Phelps dearly wanted to contribute a statue of murder victim Matthew Shepard to a park in Casper, Wyoming featuring statues of historical significance. The inscription on the statue reads "Matthew Shepard Entered Hell October 12, 1998, in Defiance of God's Warning 'thou shalt not lie with mankind as with womankind; it is abomination.' Leviticus 18:22."
Phelps' Shepard statue was rejected twice -- once in 2003 and again in 2007.
When it was rejected the second time Phelps apparently ran to the Supreme Court where he's discovered, to his dismay, that while the First Amendment guarantees freedom of religion, speech, expression and the press, it does not entitle one to display hate propaganda on public property.
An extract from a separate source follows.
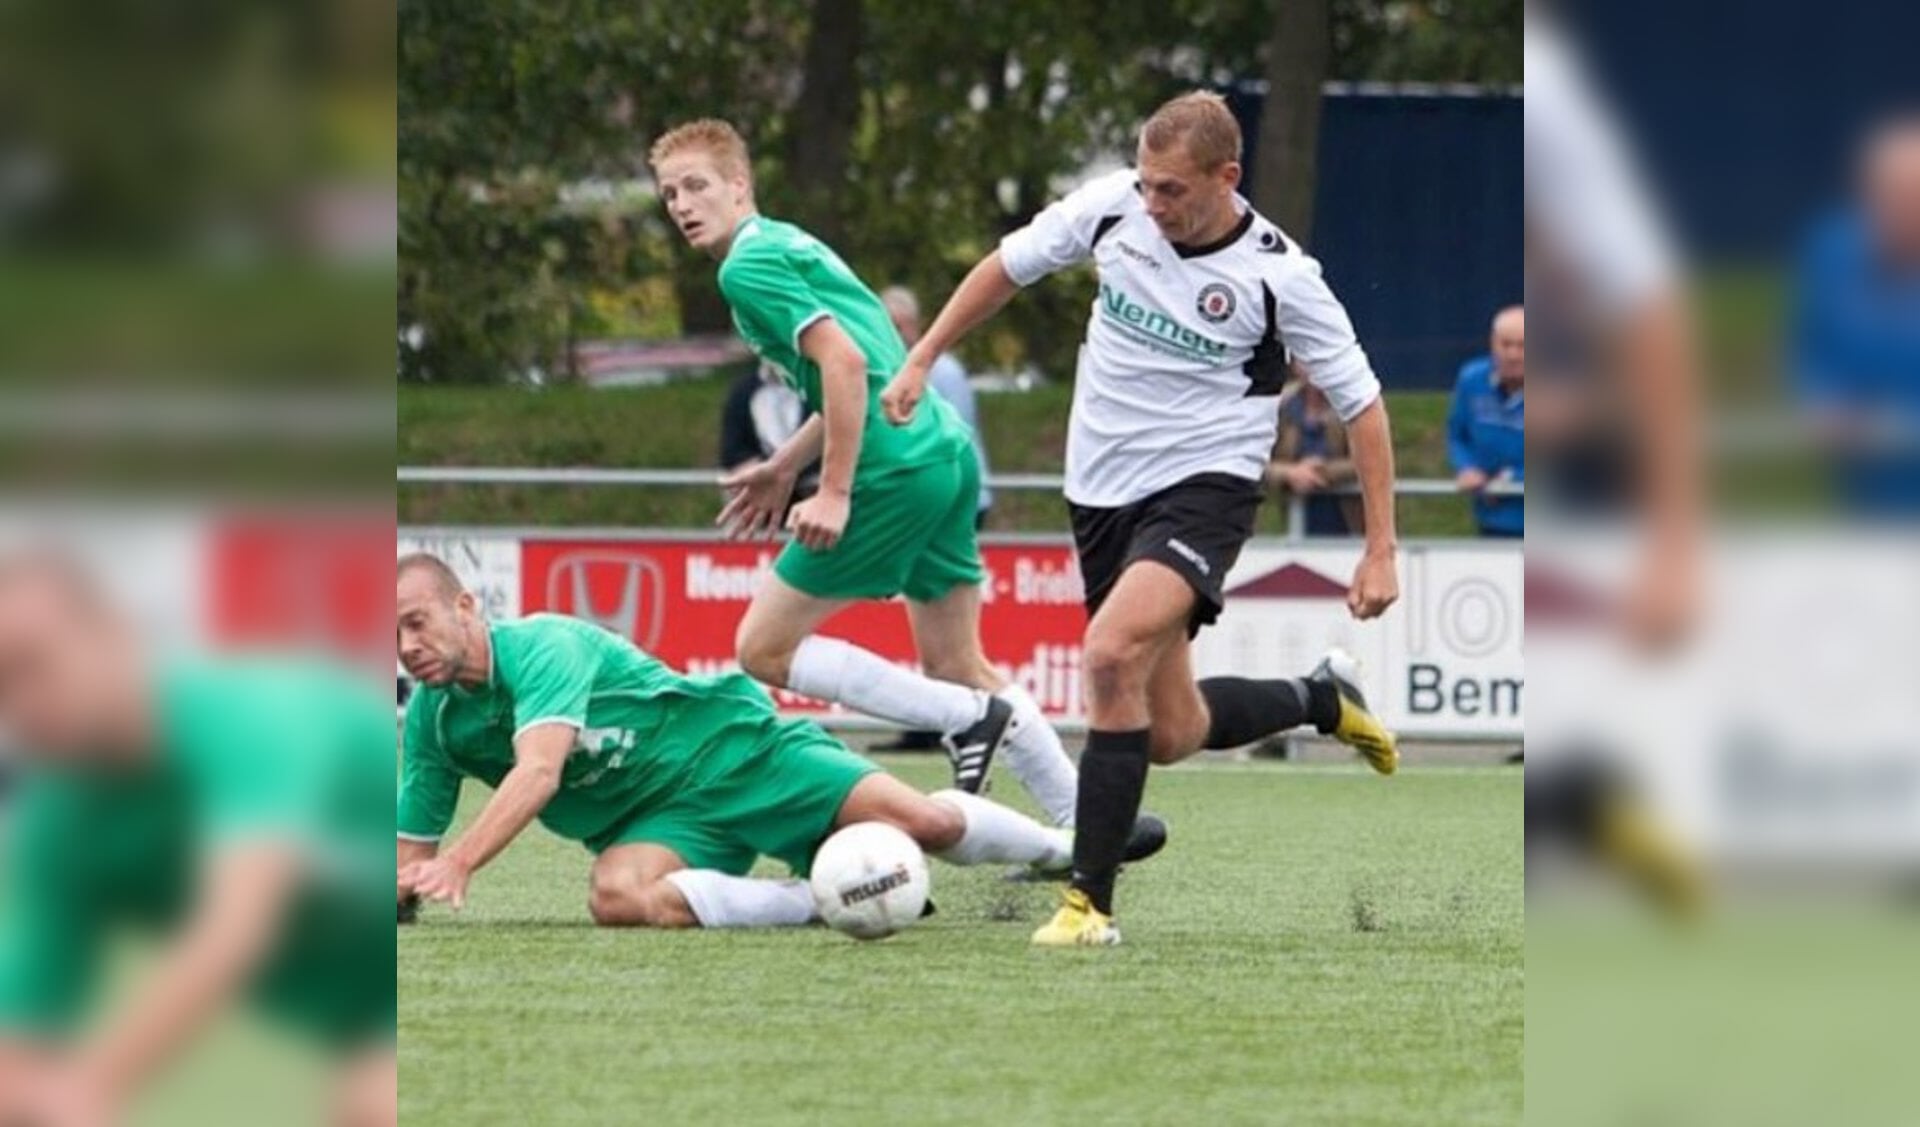 Goal en assist Hubregtse voor medekoploper Nieuwenhoorn (update)

Phelps and his Westboro Baptist Church had previously picketed Shepard's funeral where thet waved signs reading "Matt in hell" and oh-so-classily harassed his grieving parents.
One can imagine that Phelps and the WBC will likely stage some kind of protest in order to voice their objections to the Supreme Court ruling, but one thing is for certain: very few people should care.
The state is not obligated to help Phelps disseminate his intolerance under the guise of free speech.